***** Dataset content *****

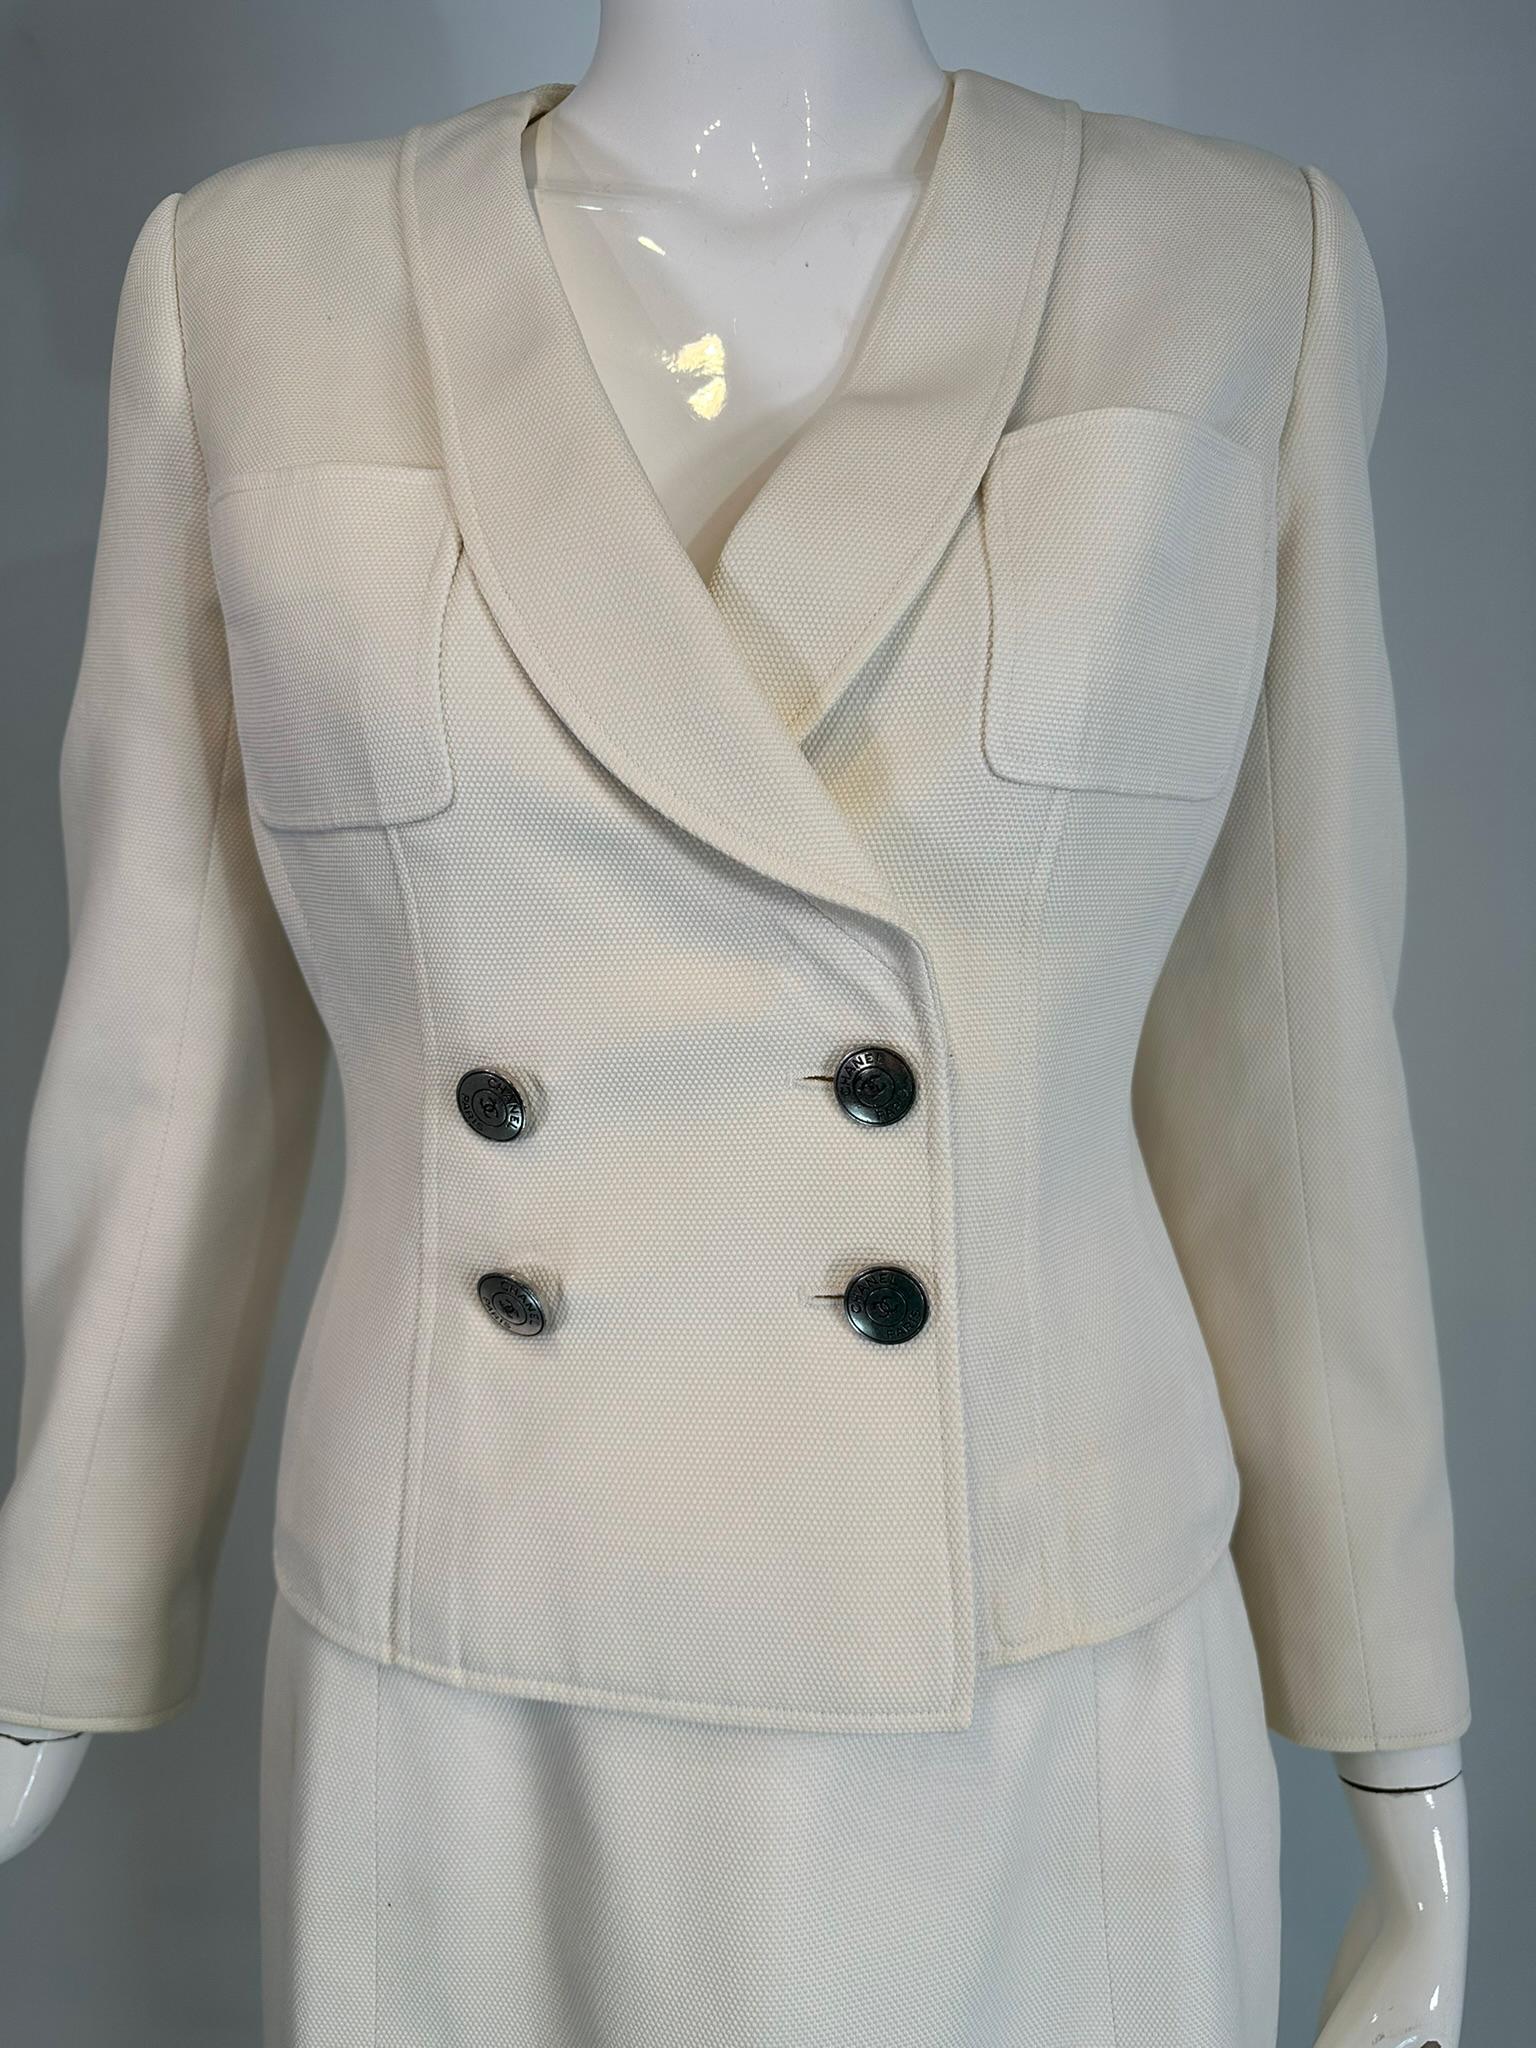 Chanel 1997 C Off White Cotton Pique Double Breasted Cropped Jacket & Skirt 40 For Sale 9
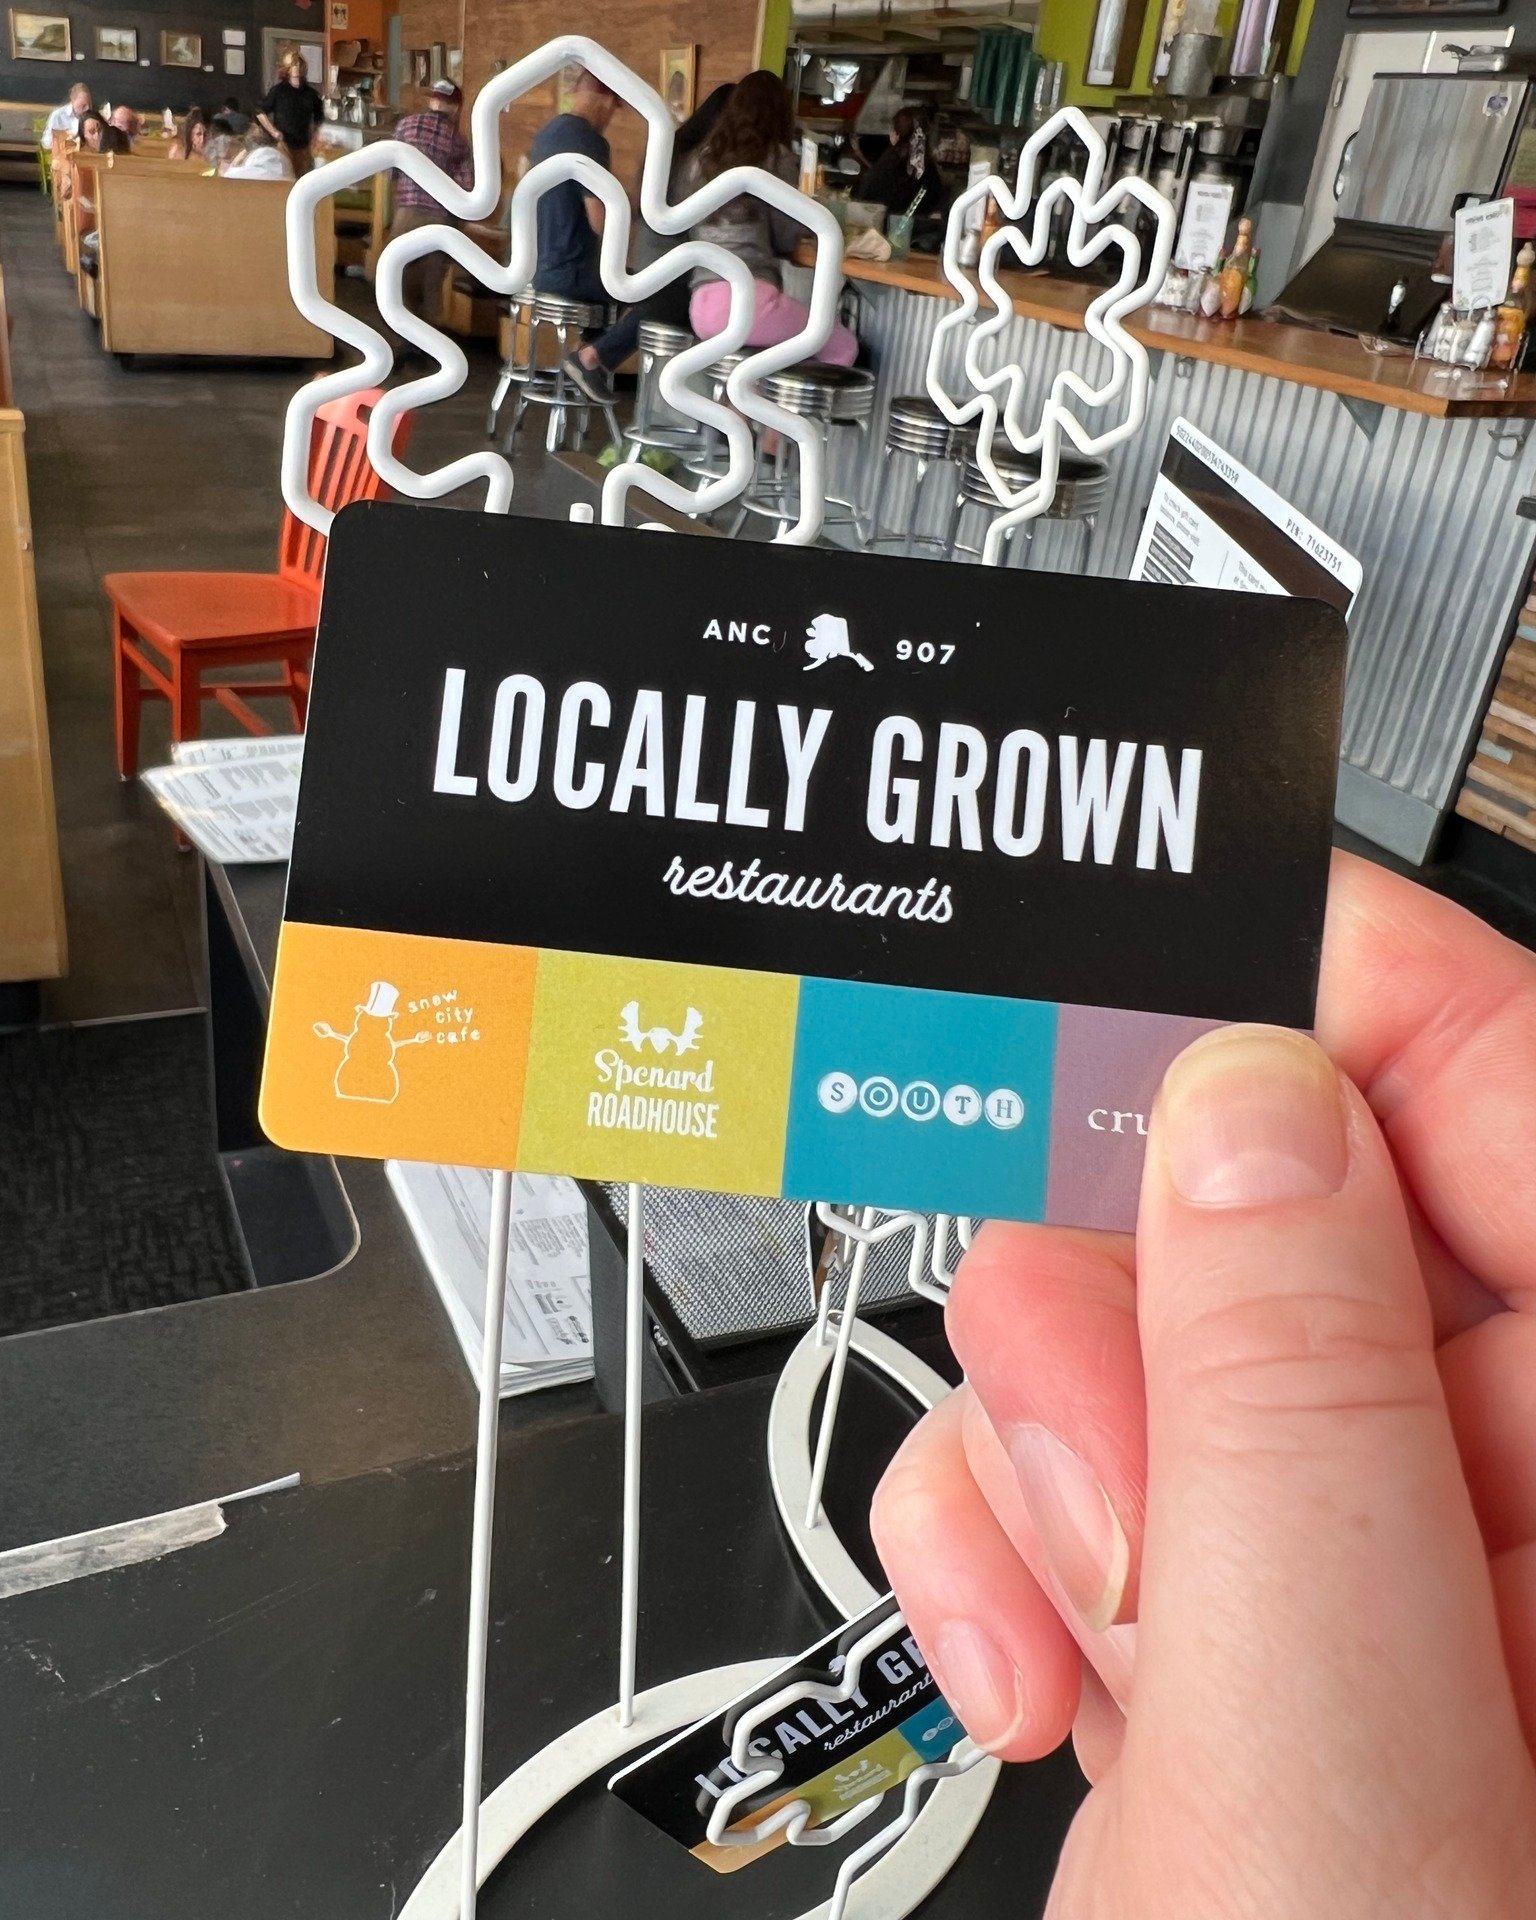 Your kids' teachers have worked so hard this year!  Say &quot;thank you&quot; with a gift card from Locally Grown Restaurants. 
They can be used at Snow City Cafe, Spenard Roadhouse, South Restaurant + Coffeehouse and Crush Bistro!
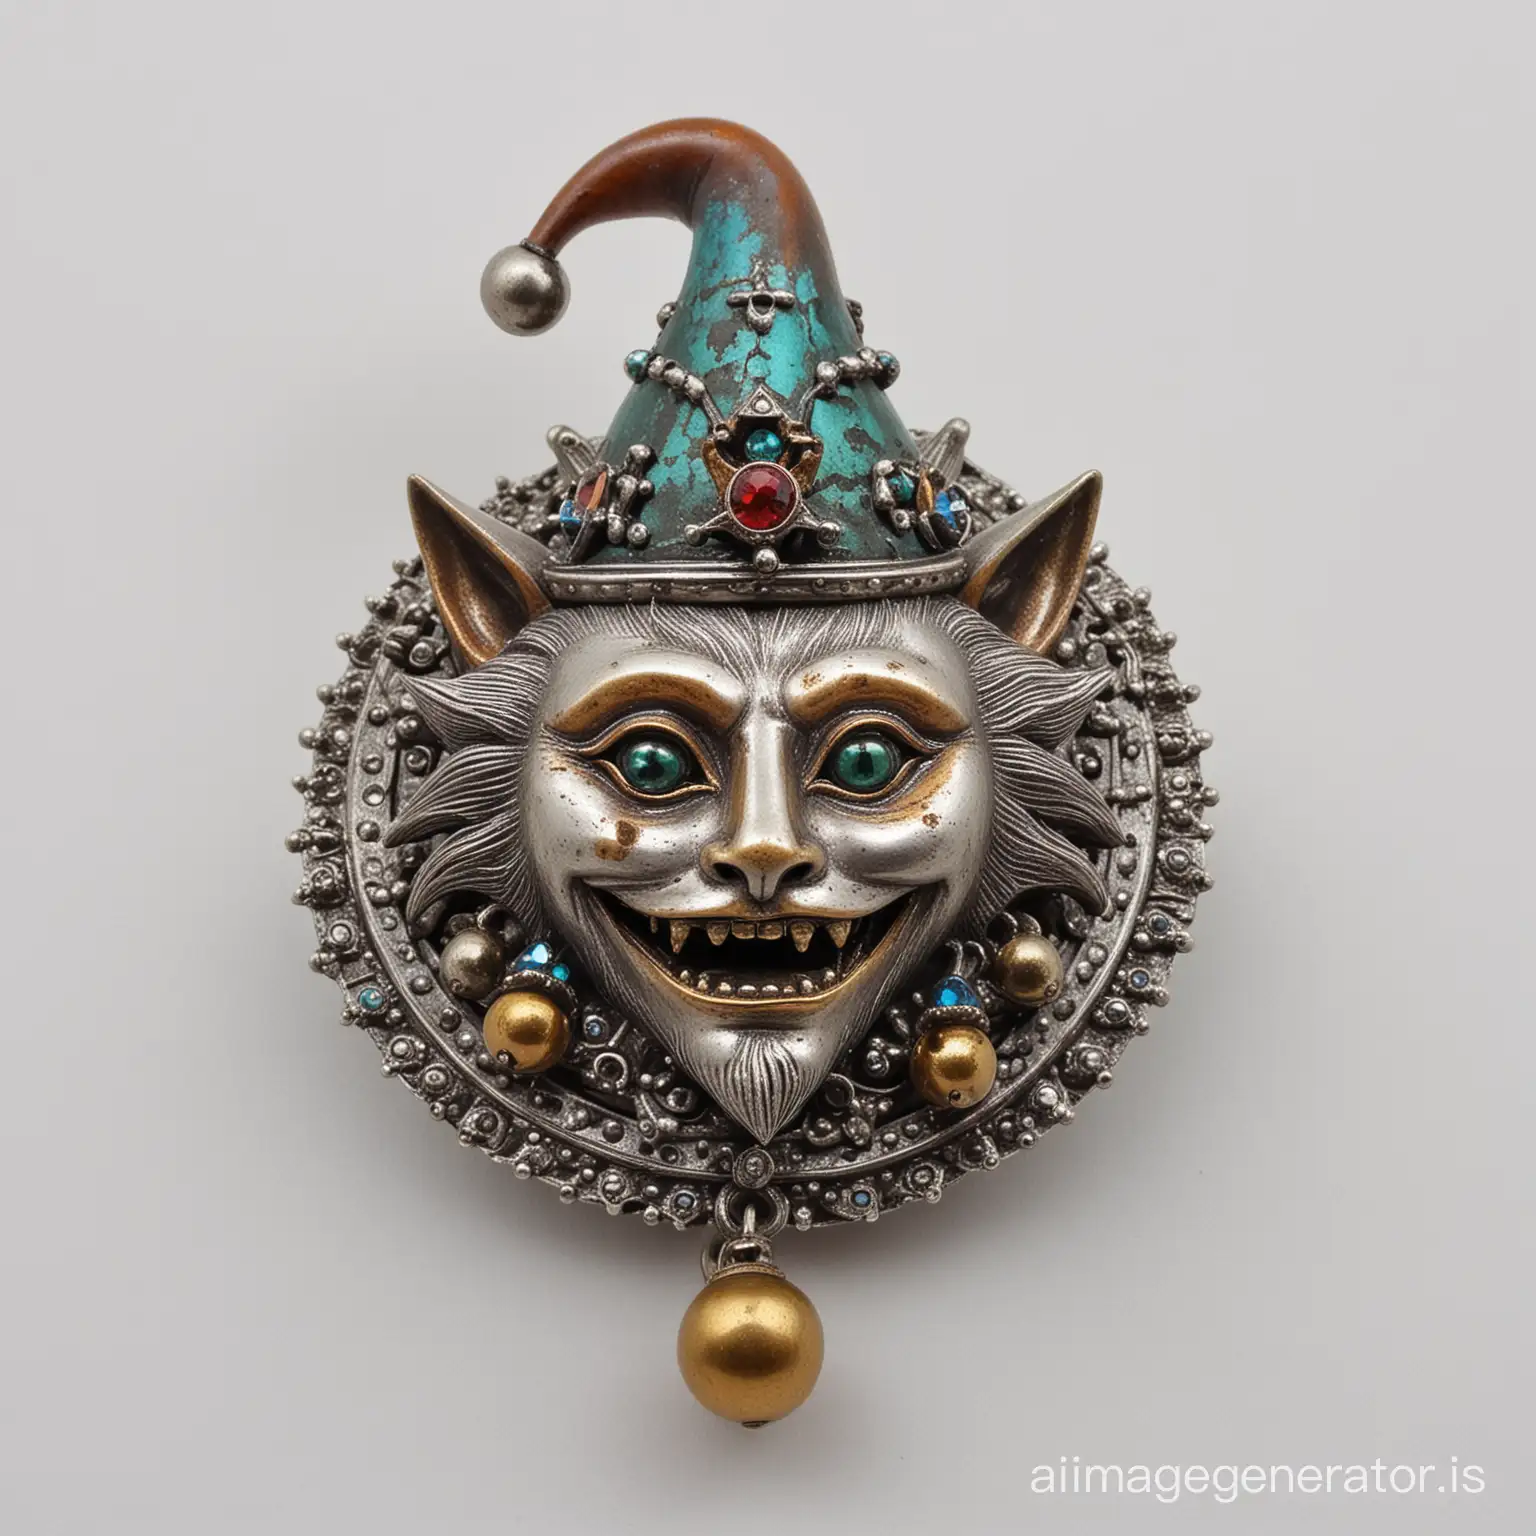 Medieval-Brooch-with-Jester-Cat-Design-in-Patinated-Silver-and-Bronze

*****

Output each line above exactly as it stands, omitting the pictures.

 Chanel 1997 C Off White Cotton Pique Double Breasted Cropped Jacket & Skirt 40 For Sale 9
 Your kids' teachers have worked so hard this year!  Say &quot;thank you&quot; with a gift card from Locally Grown Restaurants. 
They can be used at Snow City Cafe, Spenard Roadhouse, South Restaurant + Coffeehouse and Crush Bistro!
 Medieval-Brooch-with-Jester-Cat-Design-in-Patinated-Silver-and-Bronze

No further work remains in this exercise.